▶ ACTIVITY:
In the entries below, find the line with "The pitch at" and the line with "Colorful tropical butterflies"; reproduce those two lines and all lines between them exactly, without pictures.

▶ INPUT RECORDS:

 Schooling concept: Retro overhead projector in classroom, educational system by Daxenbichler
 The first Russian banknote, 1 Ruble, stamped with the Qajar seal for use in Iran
* * *
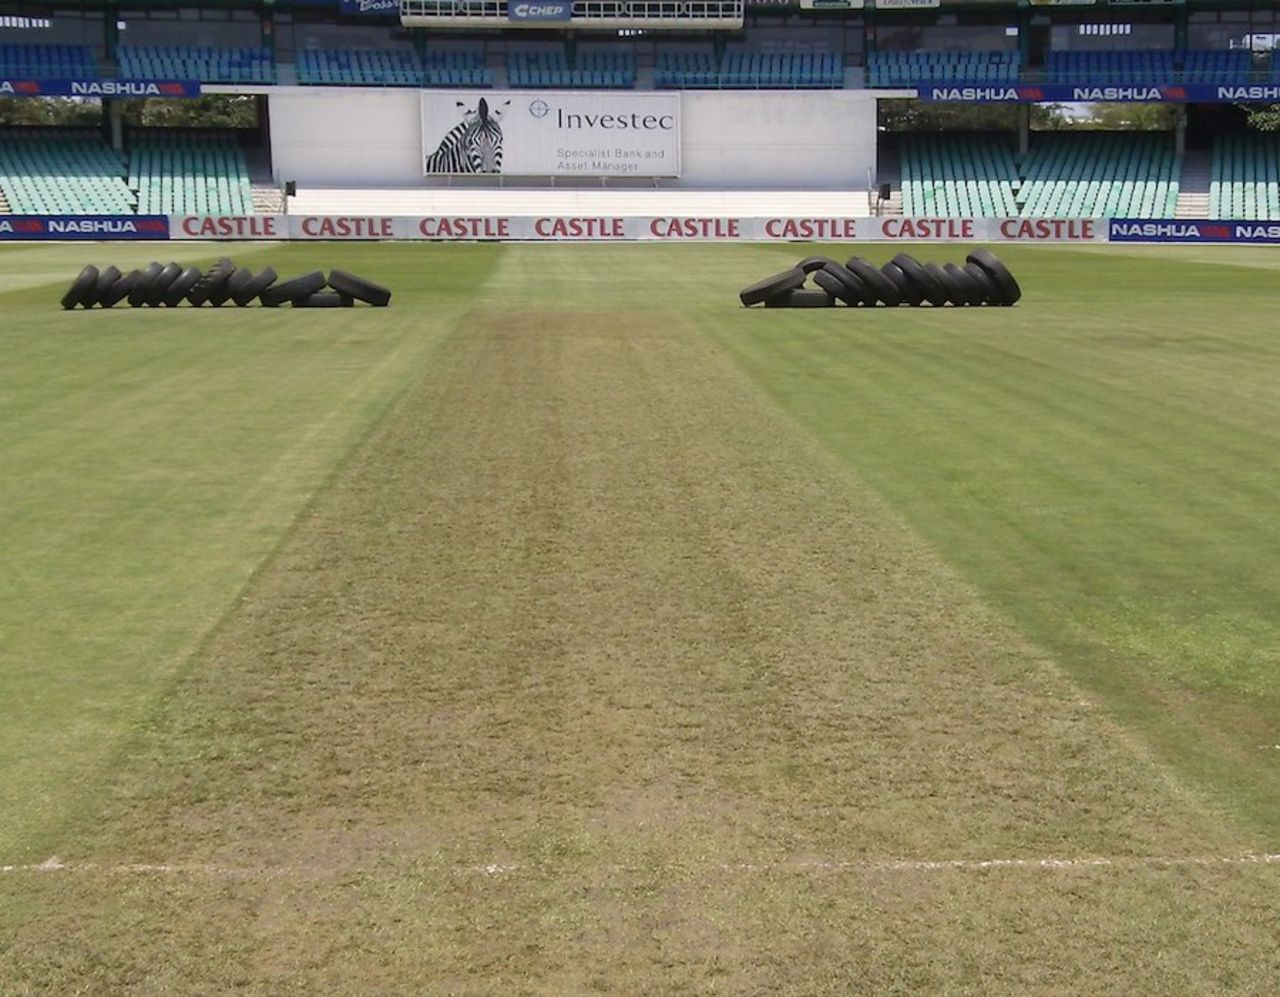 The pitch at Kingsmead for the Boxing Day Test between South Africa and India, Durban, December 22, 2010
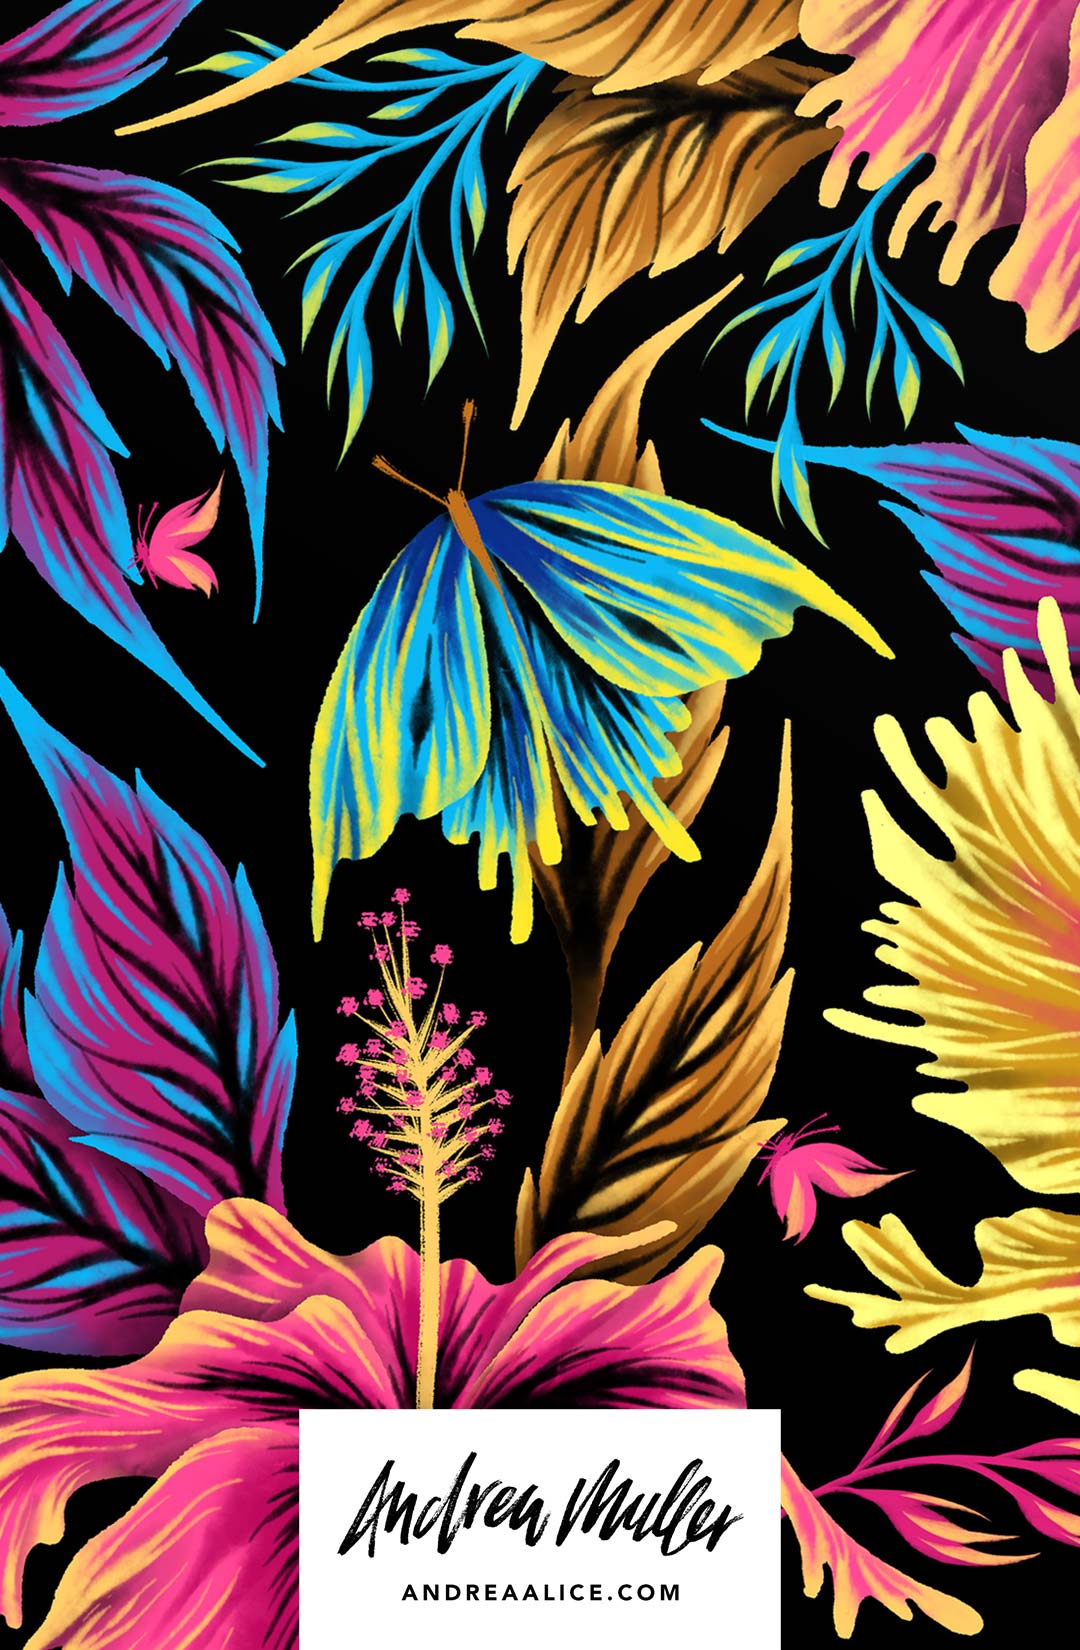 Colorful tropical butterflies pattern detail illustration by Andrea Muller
---
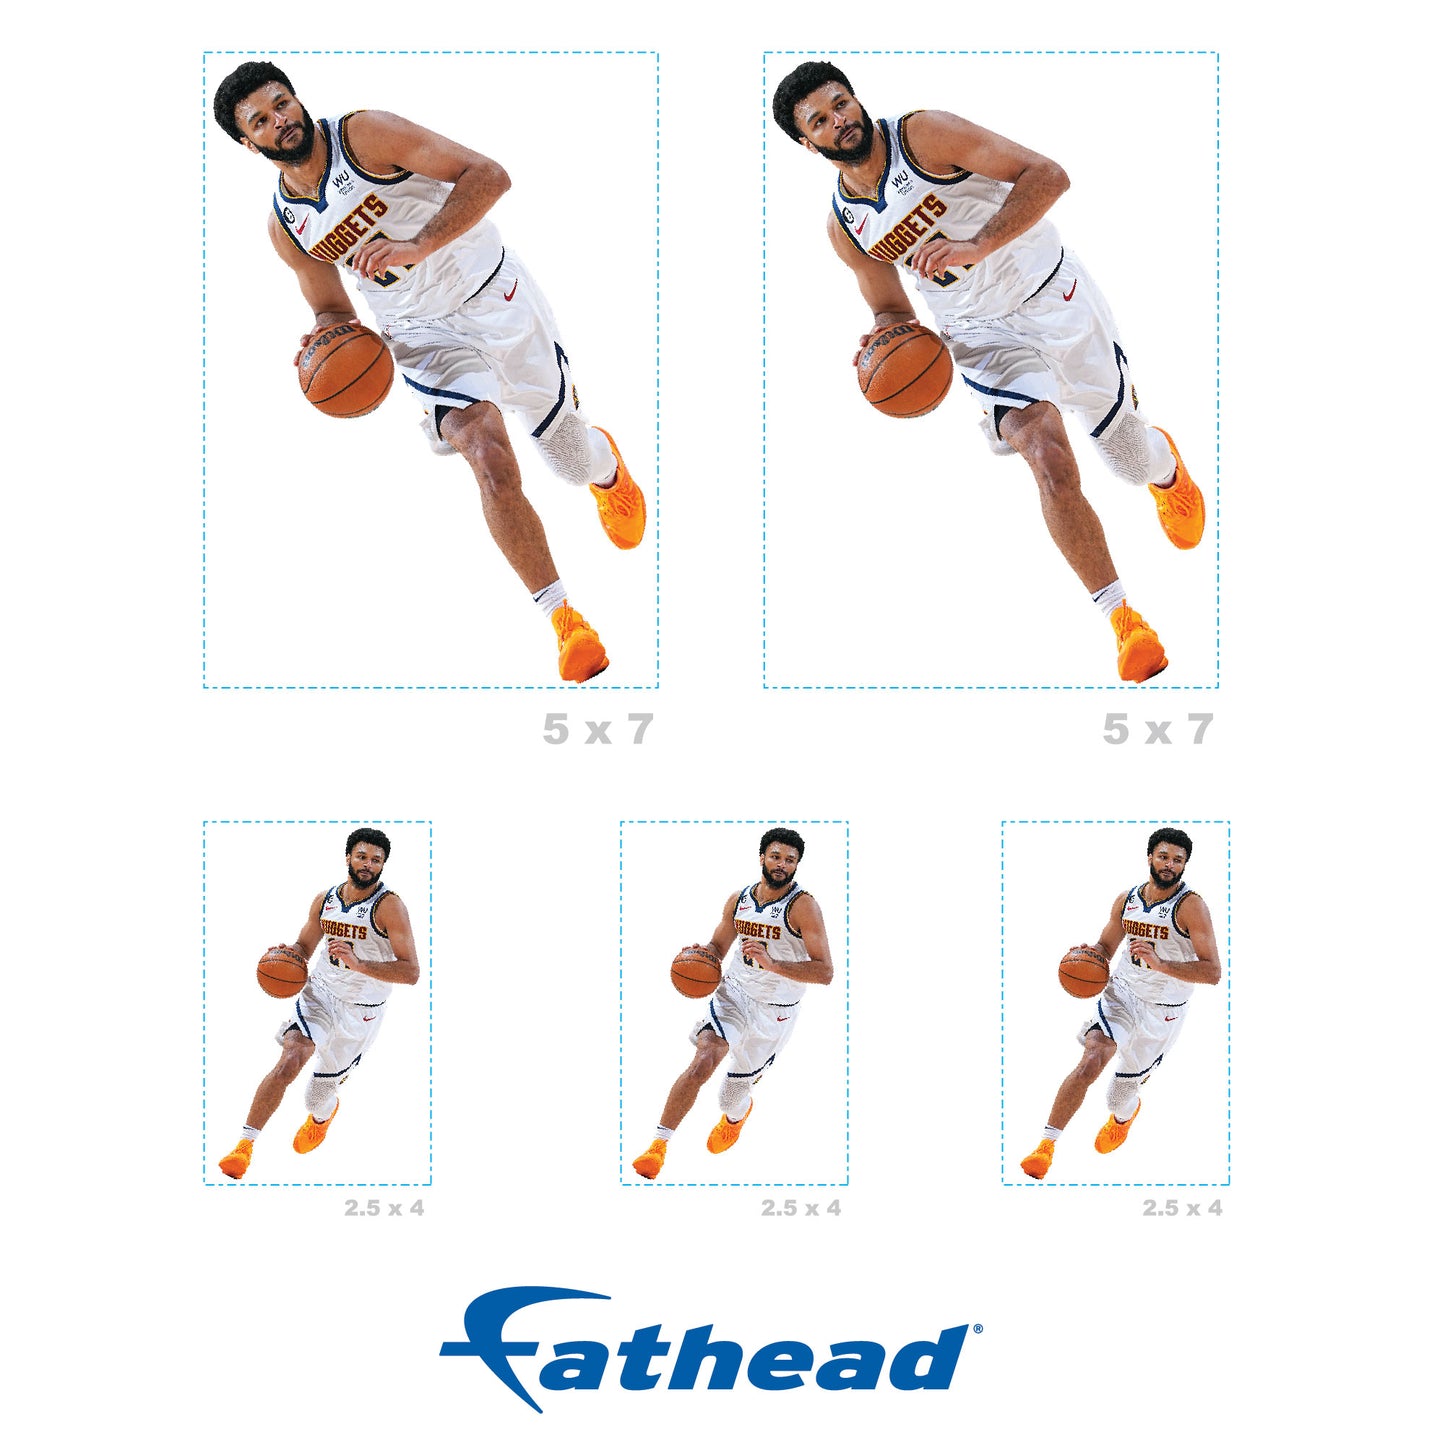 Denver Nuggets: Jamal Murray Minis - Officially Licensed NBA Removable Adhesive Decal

▶ EXERCISE ANSWER:
 The pitch at Kingsmead for the Boxing Day Test between South Africa and India, Durban, December 22, 2010
 Colorful tropical butterflies pattern detail illustration by Andrea Muller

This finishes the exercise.